Create and manage labeling schemas

Labeling schemas define the specific questions that domain experts answer when labeling existing traces in the Review App. They structure the feedback collection process, ensuring consistent and relevant information for evaluating your GenAI app.

Labeling schemas apply only when using the Review App to label existing traces. They are not used for vibe checks in the Review App Chat UI.

How labeling schemas work

When you create a labeling session, you associate it with one or more labeling schemas. Each schema represents an assessment that is attached to a trace. Assessments are either Feedback or Expectation. For details, see Label during development.

The schemas control:

The question shown to reviewers.
The input method (for example, dropdown or text box).
Validation rules and constraints.
Optional instructions and comments.

Labeling schemas for built-in LLM judges

MLflow provides predefined schema names for the built-in LLM Judges that use expectations. You can create custom schemas using these names to ensure compatibility with the built-in evaluation functionality.

The following table shows the predefined labeling schemas and their usage.

Schema name	Usage	Used by these built-in judges
`GUIDELINES`	Collects ideal instructions the GenAI app should follow for a request.	`ExpectationGuidelines`
`EXPECTED_FACTS`	Collects factual statements that must be included for correctness.	`Correctness`, `RetrievalSufficiency`
`EXPECTED_RESPONSE`	Collects the complete ground-truth answer.	`Correctness`, `RetrievalSufficiency`

Examples of labeling schemas for built-in LLM judges

For details, see the API reference.

Python
import mlflow.genai.label_schemas as schemas
from mlflow.genai.label_schemas import LabelSchemaType, InputTextList, InputText

# Schema for collecting expected facts
expected_facts_schema = schemas.create_label_schema(
    name=schemas.EXPECTED_FACTS,
    type=LabelSchemaType.EXPECTATION,
    title="Expected facts",
    input=InputTextList(max_length_each=1000),
    instruction="Please provide a list of facts that you expect to see in a correct response.",
    overwrite=True
)

# Schema for collecting guidelines
guidelines_schema = schemas.create_label_schema(
    name=schemas.GUIDELINES,
    type=LabelSchemaType.EXPECTATION,
    title="Guidelines",
    input=InputTextList(max_length_each=500),
    instruction="Please provide guidelines that the model's output is expected to adhere to.",
    overwrite=True
)

# Schema for collecting expected response
expected_response_schema = schemas.create_label_schema(
    name=schemas.EXPECTED_RESPONSE,
    type=LabelSchemaType.EXPECTATION,
    title="Expected response",
    input=InputText(),
    instruction="Please provide a correct agent response.",
    overwrite=True
)

Create custom labeling schemas

For more control over the feedback you collect, create a custom labeling schema using the MLflow UI or API.

Schemas are scoped to experiments, so schema names must be unique within your MLflow experiment.

Schemas are one of two types:

feedback: Subjective assessments like ratings, preferences, or opinions.
expectation: Objective ground truth like correct answers or expected behavior.

For details, see Label during development.

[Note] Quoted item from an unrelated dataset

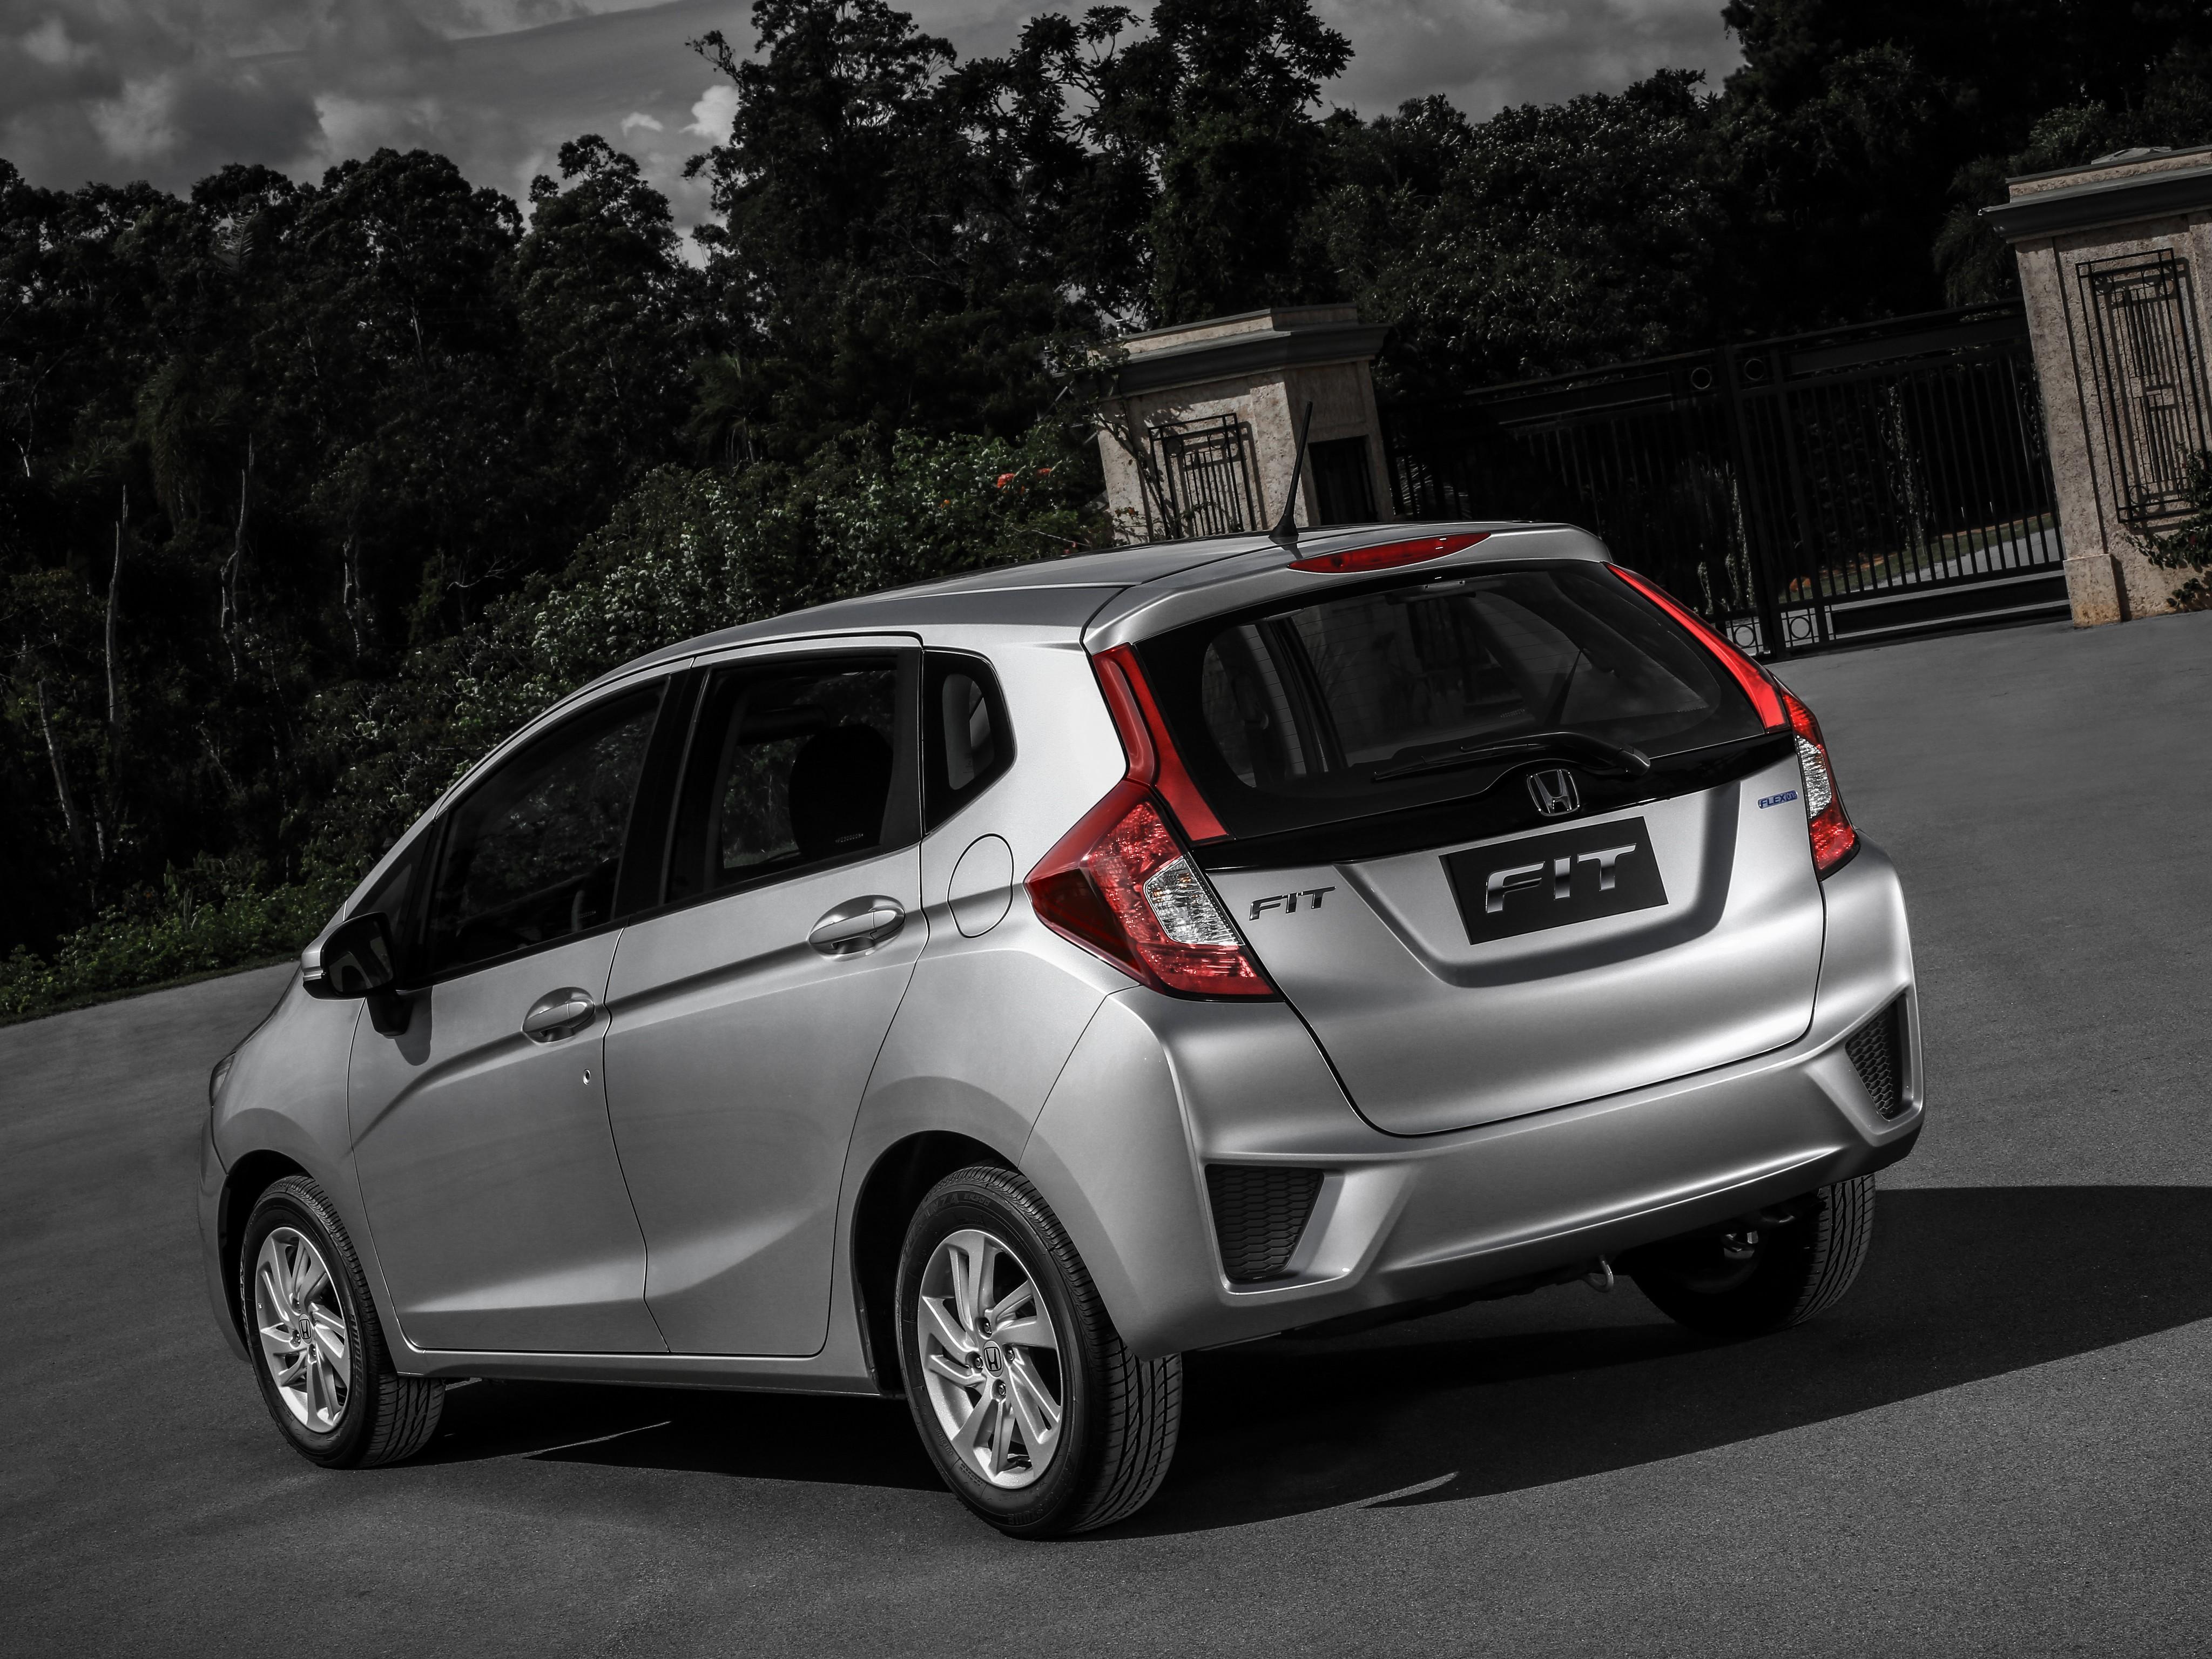 Honda jazz fit specs 2013 2014 2015 2016 2017 for Honda fit hp
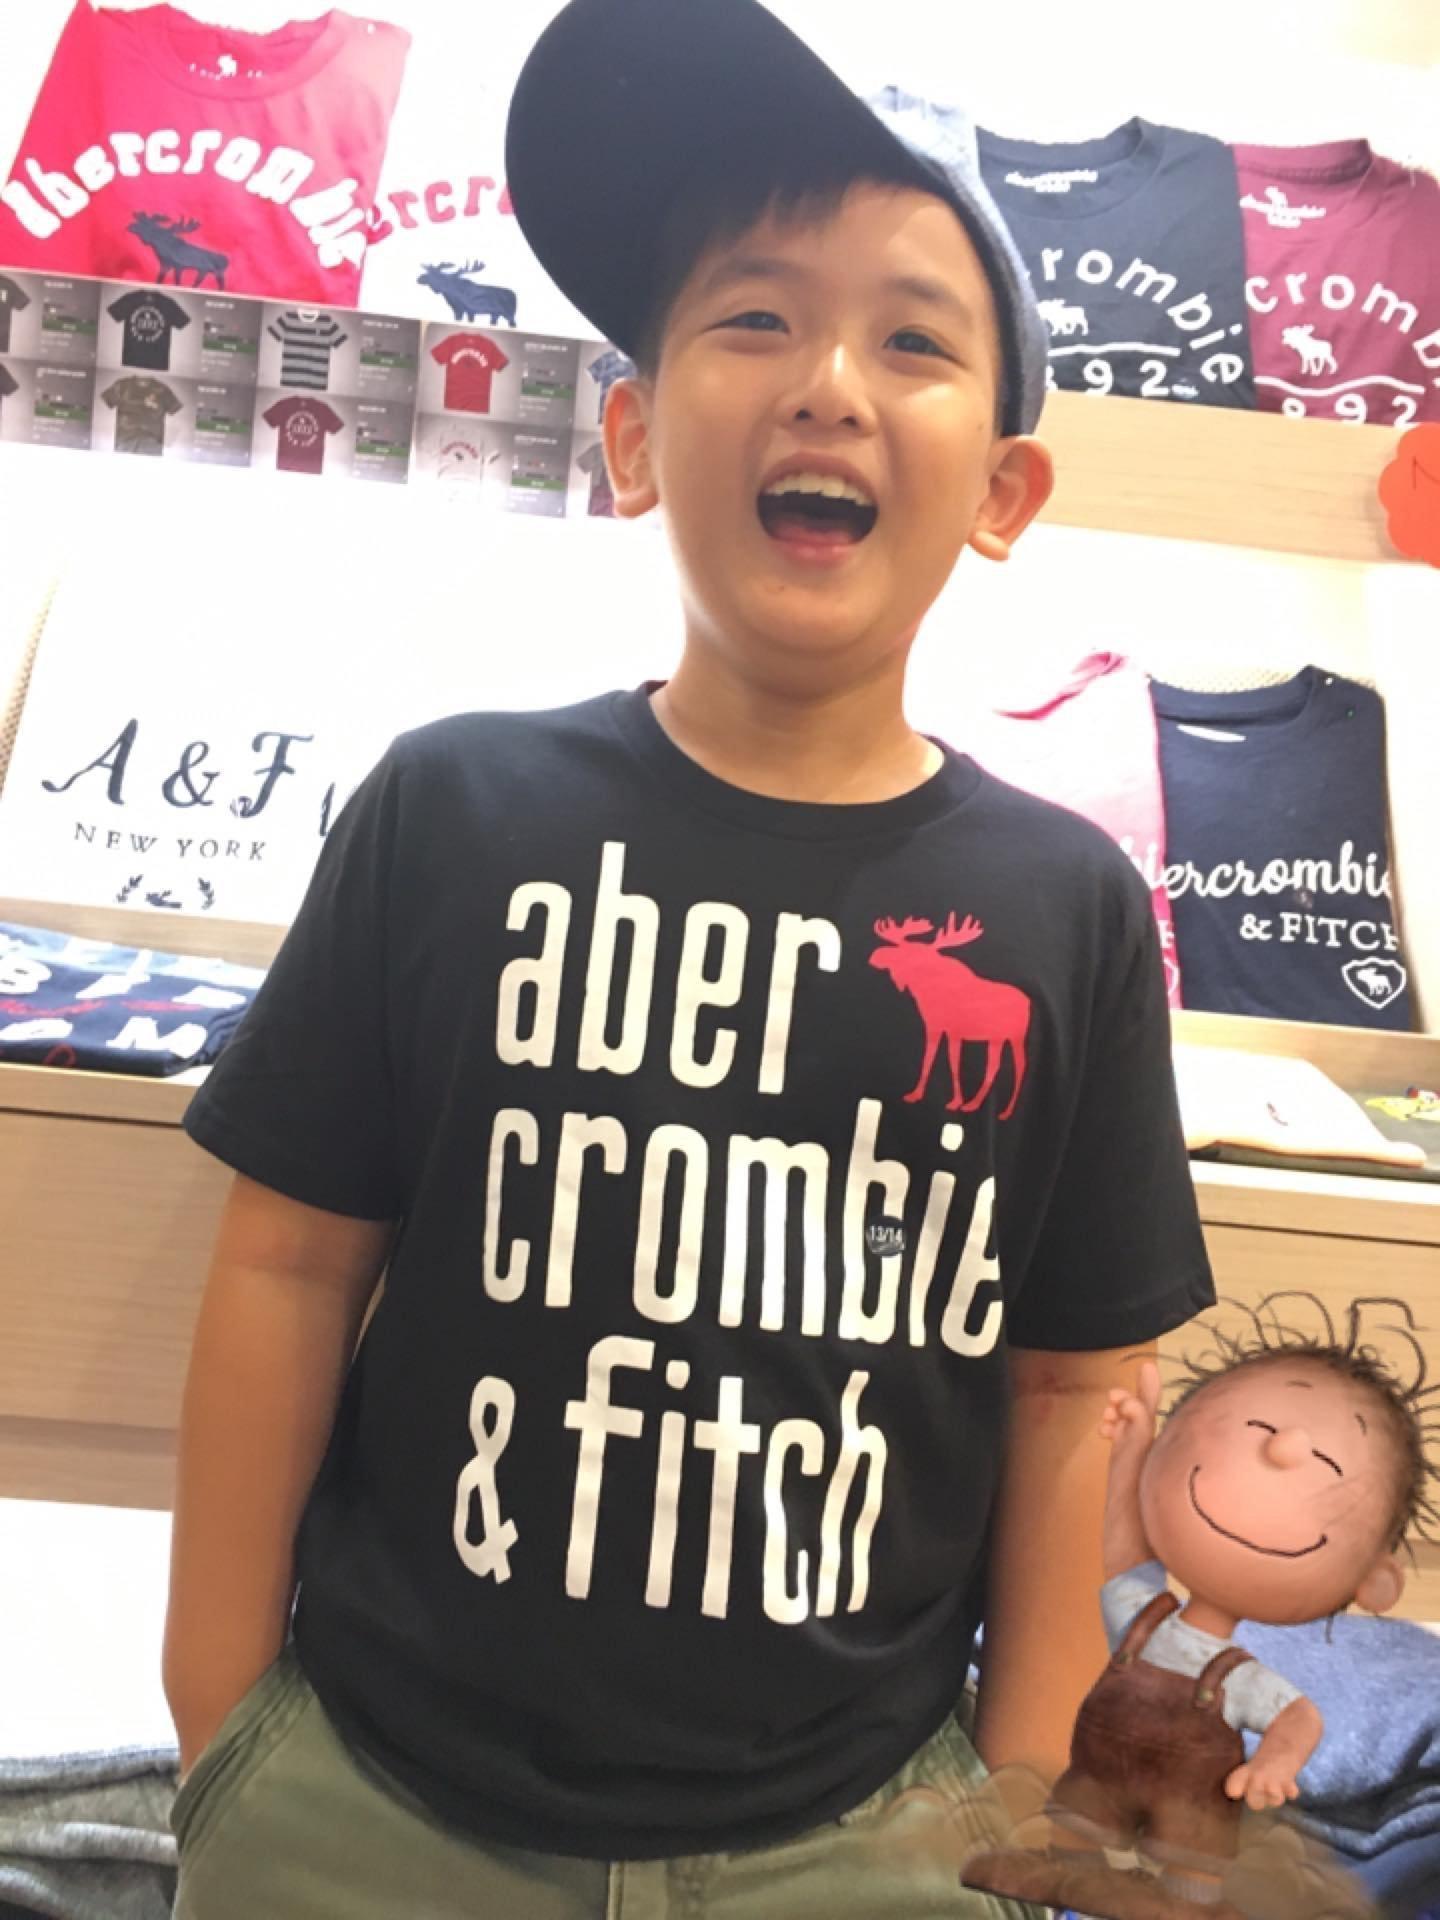 A&F 秋冬新款 男生 黑色短Tee短袖 Abercrombie & Fitch AF

For parameter definitions, see the API reference.

Create custom schemas using the UI

To create a custom schema in the MLflow UI:

In the Databricks workspace, in the left sidebar, click Experiments.
Click the name of your experiment to open it.
Click Labeling schemas in the sidebar.
If an existing labeling schema appears, you can edit it. To create or add a new labeling schema, click Add Label Schema, and edit the fields.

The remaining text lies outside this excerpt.